→ **Your task**
This exercise asks for the entries below to be printed exactly.

→ **Data provided**
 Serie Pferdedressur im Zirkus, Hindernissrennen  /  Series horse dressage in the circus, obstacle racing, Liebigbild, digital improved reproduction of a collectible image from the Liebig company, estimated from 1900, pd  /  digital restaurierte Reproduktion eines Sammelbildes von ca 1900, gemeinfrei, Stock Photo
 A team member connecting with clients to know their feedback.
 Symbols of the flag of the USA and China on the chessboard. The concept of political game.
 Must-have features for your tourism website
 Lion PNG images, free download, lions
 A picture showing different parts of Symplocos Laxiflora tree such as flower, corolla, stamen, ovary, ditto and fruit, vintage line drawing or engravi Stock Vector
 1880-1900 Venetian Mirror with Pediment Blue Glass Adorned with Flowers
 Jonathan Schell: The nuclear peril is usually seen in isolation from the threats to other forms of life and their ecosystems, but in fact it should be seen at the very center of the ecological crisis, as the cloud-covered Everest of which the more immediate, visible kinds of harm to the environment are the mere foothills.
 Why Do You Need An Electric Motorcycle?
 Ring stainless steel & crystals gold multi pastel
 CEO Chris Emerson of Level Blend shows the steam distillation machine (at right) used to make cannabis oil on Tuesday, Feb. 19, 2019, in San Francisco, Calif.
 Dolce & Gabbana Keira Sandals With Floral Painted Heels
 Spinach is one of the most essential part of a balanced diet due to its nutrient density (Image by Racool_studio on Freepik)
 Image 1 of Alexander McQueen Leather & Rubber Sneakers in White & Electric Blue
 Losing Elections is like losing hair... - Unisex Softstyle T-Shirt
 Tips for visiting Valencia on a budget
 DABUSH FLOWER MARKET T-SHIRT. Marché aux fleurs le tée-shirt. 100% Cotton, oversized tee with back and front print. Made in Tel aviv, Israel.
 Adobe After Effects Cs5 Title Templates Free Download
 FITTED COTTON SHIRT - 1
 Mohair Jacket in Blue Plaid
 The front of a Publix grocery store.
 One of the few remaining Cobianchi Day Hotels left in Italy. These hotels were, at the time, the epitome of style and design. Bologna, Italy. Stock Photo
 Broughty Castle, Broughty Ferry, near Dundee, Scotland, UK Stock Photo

→ **The answer**
 Serie Pferdedressur im Zirkus, Hindernissrennen  /  Series horse dressage in the circus, obstacle racing, Liebigbild, digital improved reproduction of a collectible image from the Liebig company, estimated from 1900, pd  /  digital restaurierte Reproduktion eines Sammelbildes von ca 1900, gemeinfrei, Stock Photo
 A team member connecting with clients to know their feedback.
 Symbols of the flag of the USA and China on the chessboard. The concept of political game.
 Must-have features for your tourism website
 Lion PNG images, free download, lions
 A picture showing different parts of Symplocos Laxiflora tree such as flower, corolla, stamen, ovary, ditto and fruit, vintage line drawing or engravi Stock Vector
 1880-1900 Venetian Mirror with Pediment Blue Glass Adorned with Flowers
 Jonathan Schell: The nuclear peril is usually seen in isolation from the threats to other forms of life and their ecosystems, but in fact it should be seen at the very center of the ecological crisis, as the cloud-covered Everest of which the more immediate, visible kinds of harm to the environment are the mere foothills.
 Why Do You Need An Electric Motorcycle?
 Ring stainless steel & crystals gold multi pastel
 CEO Chris Emerson of Level Blend shows the steam distillation machine (at right) used to make cannabis oil on Tuesday, Feb. 19, 2019, in San Francisco, Calif.
 Dolce & Gabbana Keira Sandals With Floral Painted Heels
 Spinach is one of the most essential part of a balanced diet due to its nutrient density (Image by Racool_studio on Freepik)
 Image 1 of Alexander McQueen Leather & Rubber Sneakers in White & Electric Blue
 Losing Elections is like losing hair... - Unisex Softstyle T-Shirt
 Tips for visiting Valencia on a budget
 DABUSH FLOWER MARKET T-SHIRT. Marché aux fleurs le tée-shirt. 100% Cotton, oversized tee with back and front print. Made in Tel aviv, Israel.
 Adobe After Effects Cs5 Title Templates Free Download
 FITTED COTTON SHIRT - 1
 Mohair Jacket in Blue Plaid
 The front of a Publix grocery store.
 One of the few remaining Cobianchi Day Hotels left in Italy. These hotels were, at the time, the epitome of style and design. Bologna, Italy. Stock Photo
 Broughty Castle, Broughty Ferry, near Dundee, Scotland, UK Stock Photo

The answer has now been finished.